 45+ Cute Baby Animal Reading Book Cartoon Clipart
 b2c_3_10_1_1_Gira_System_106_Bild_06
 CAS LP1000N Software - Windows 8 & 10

—————

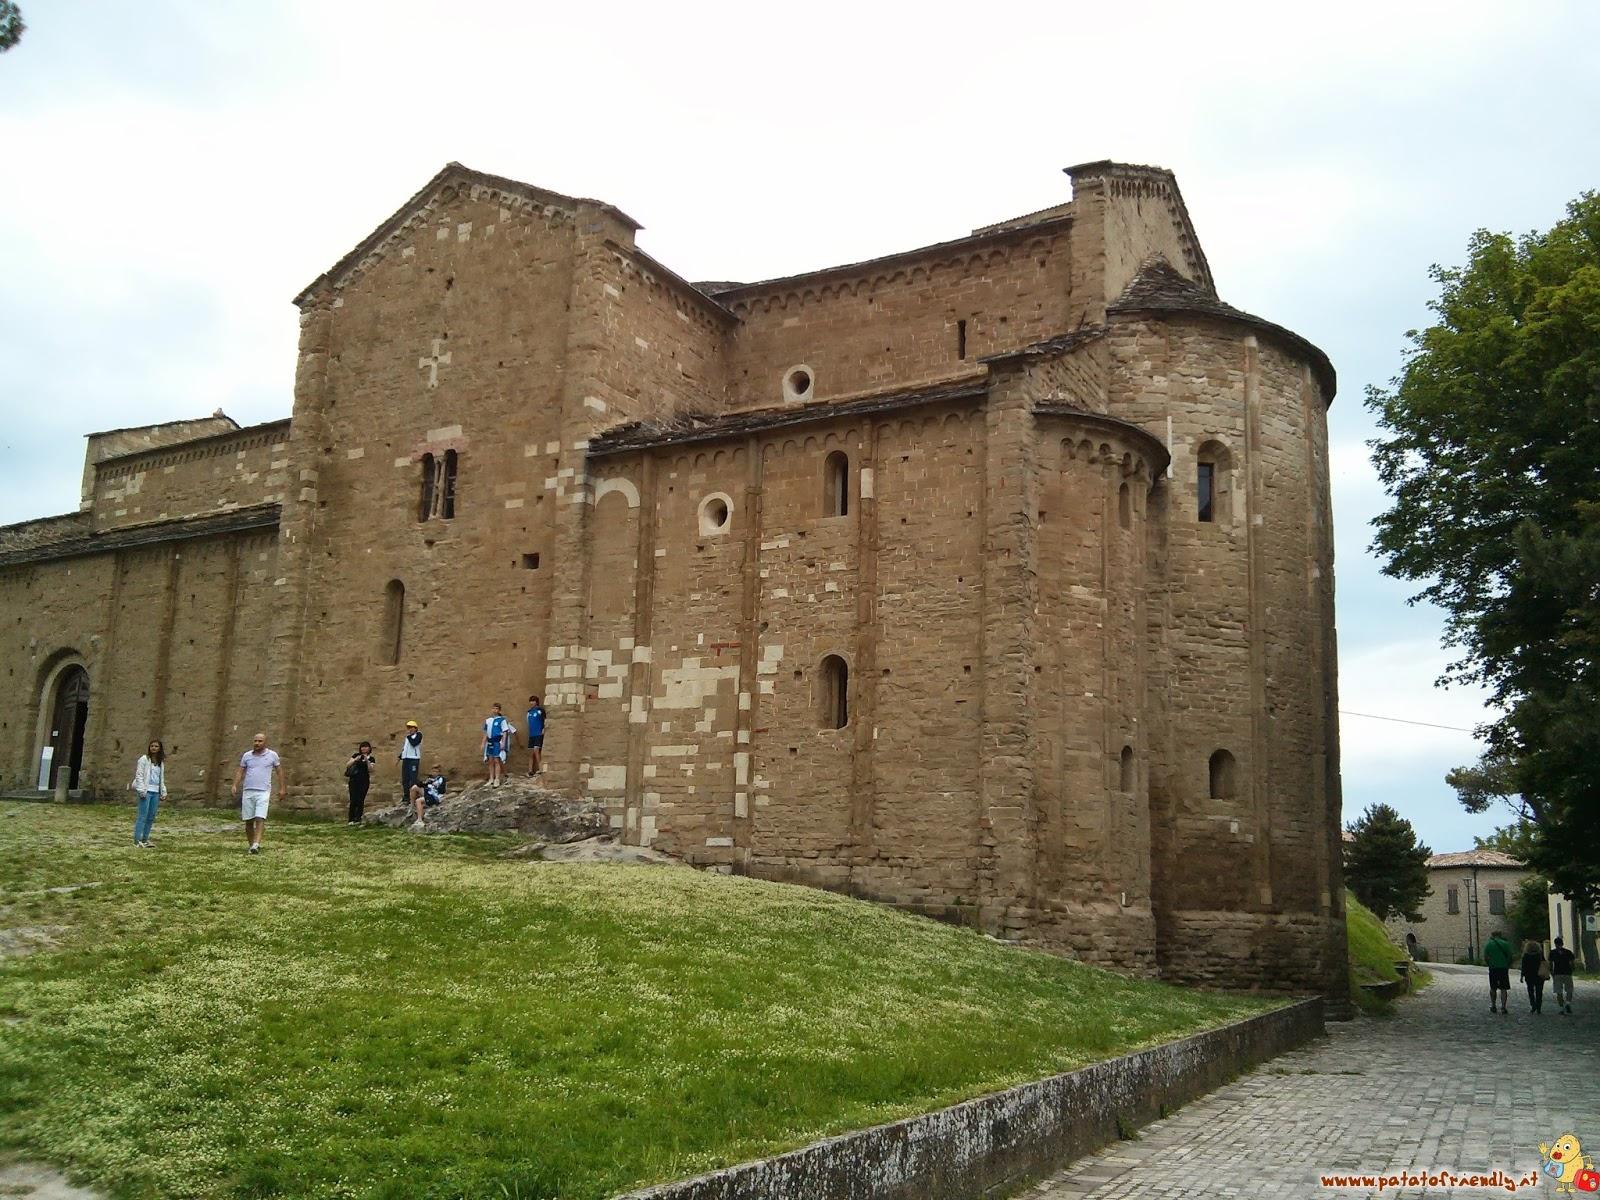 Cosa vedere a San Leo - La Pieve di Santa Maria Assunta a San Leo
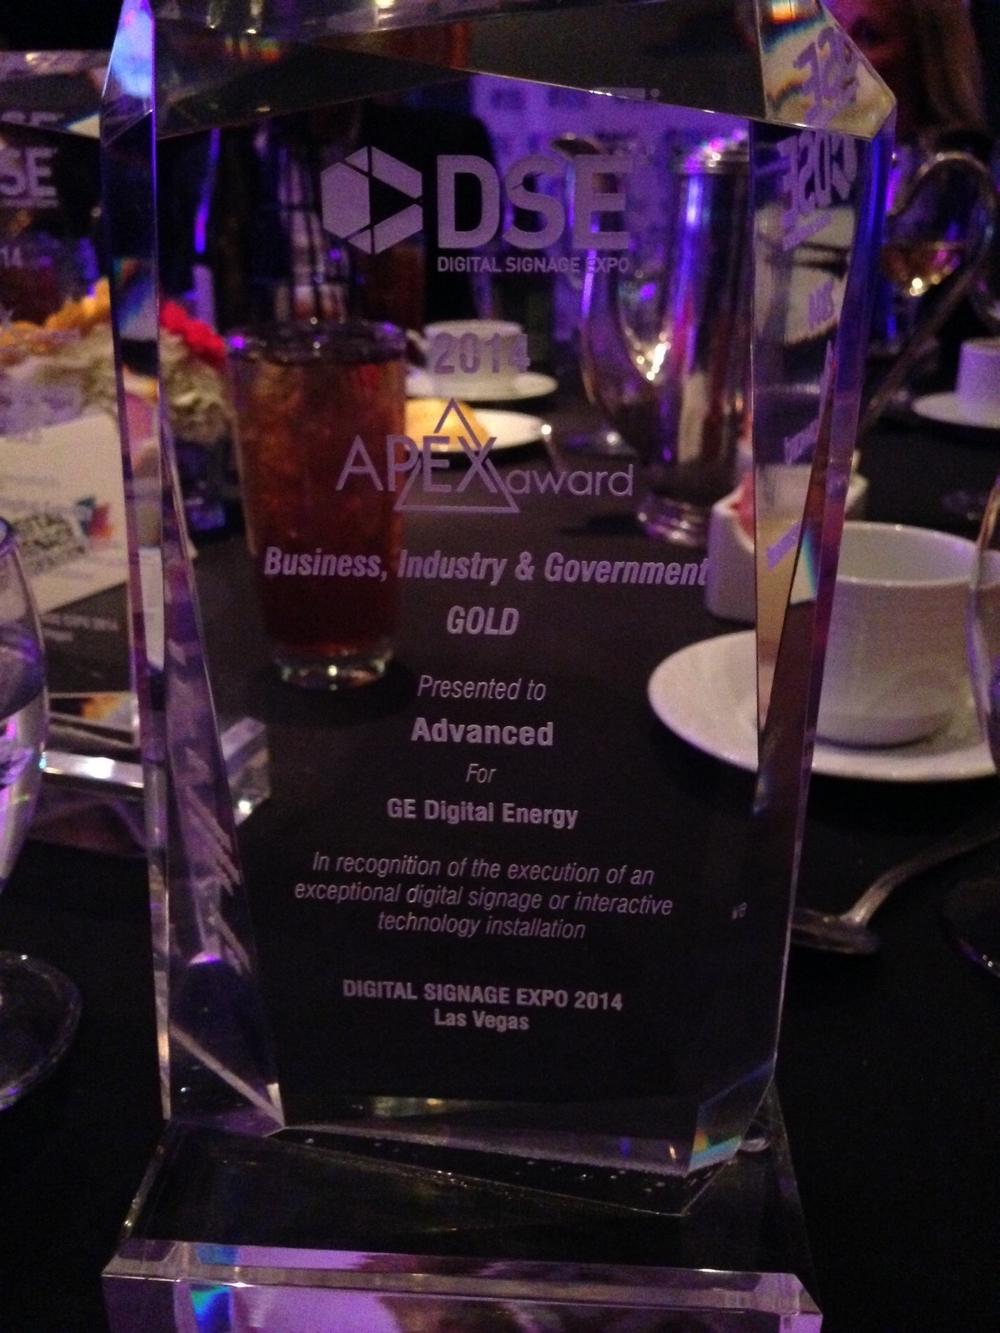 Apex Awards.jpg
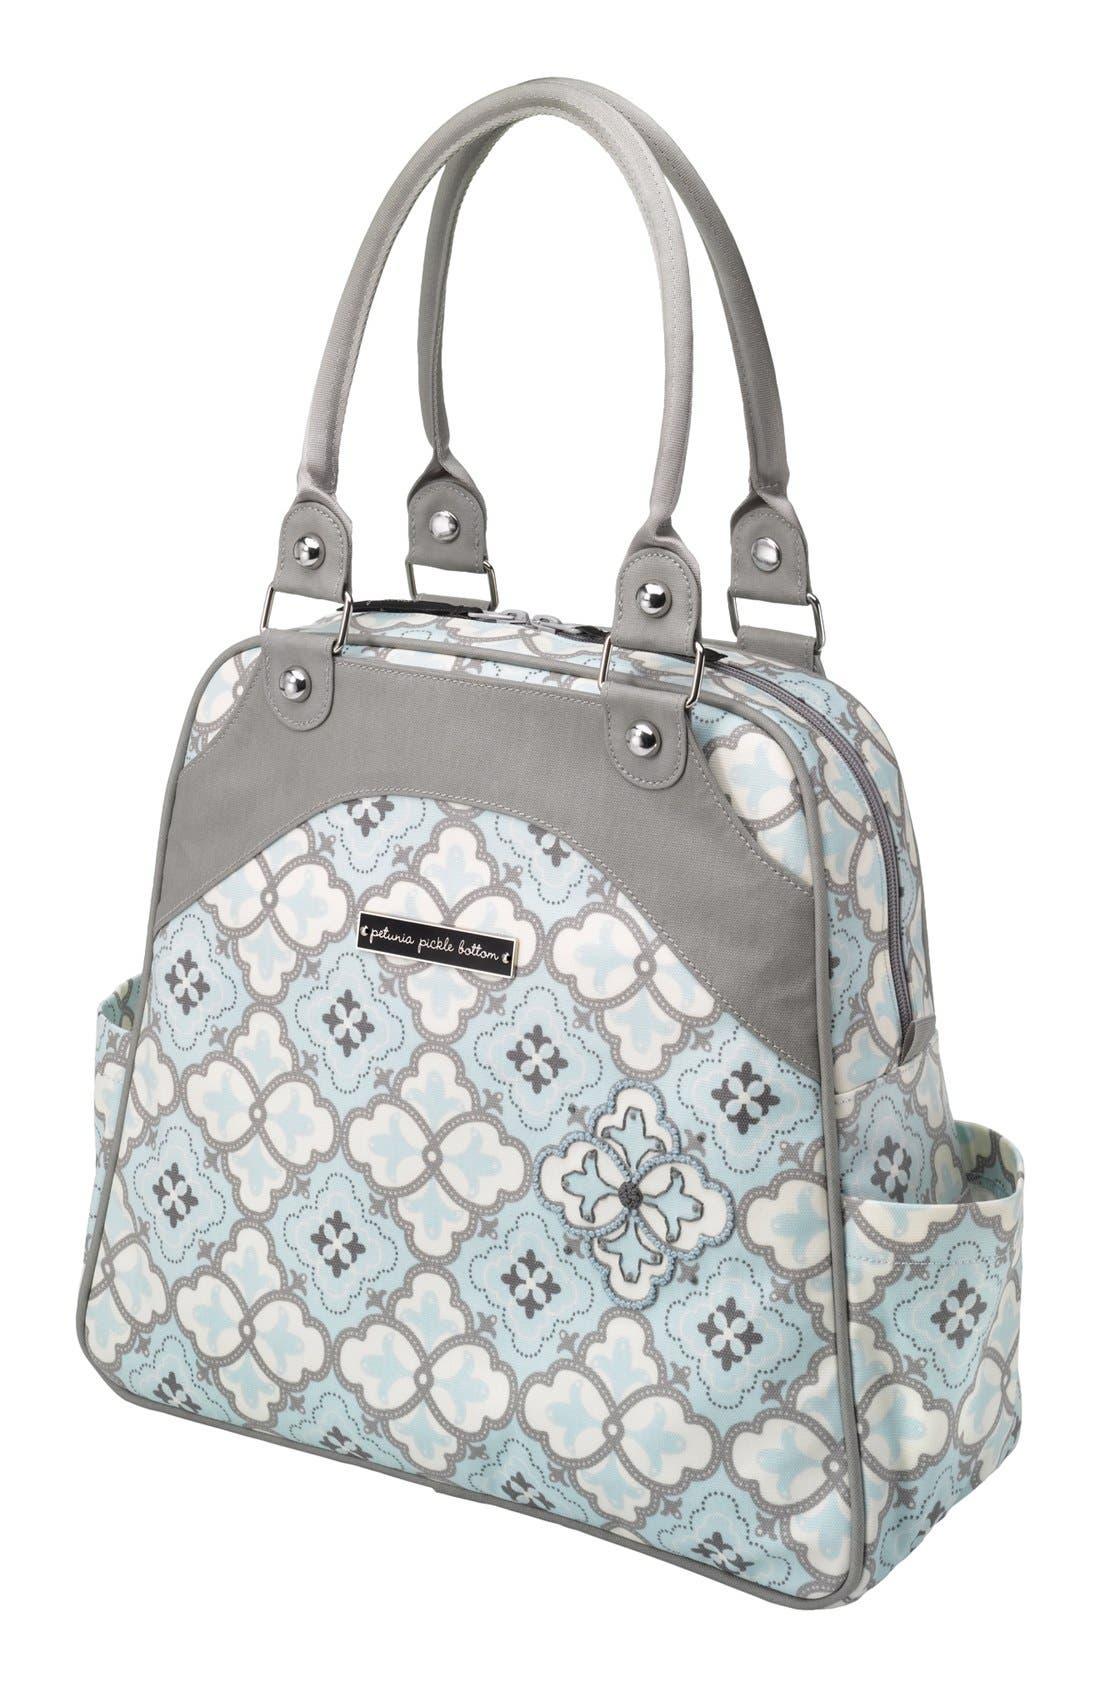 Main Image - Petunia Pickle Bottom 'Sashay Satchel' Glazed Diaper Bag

—————

[Problem statement] Print again the lines of the entries above that fall between the line holding "45+ Cute Baby" and the line holding "CAS LP1000N Software - Windows 8 & 10", inclusive, exactly as they stand.

[Final answer]
 45+ Cute Baby Animal Reading Book Cartoon Clipart
 b2c_3_10_1_1_Gira_System_106_Bild_06
 CAS LP1000N Software - Windows 8 & 10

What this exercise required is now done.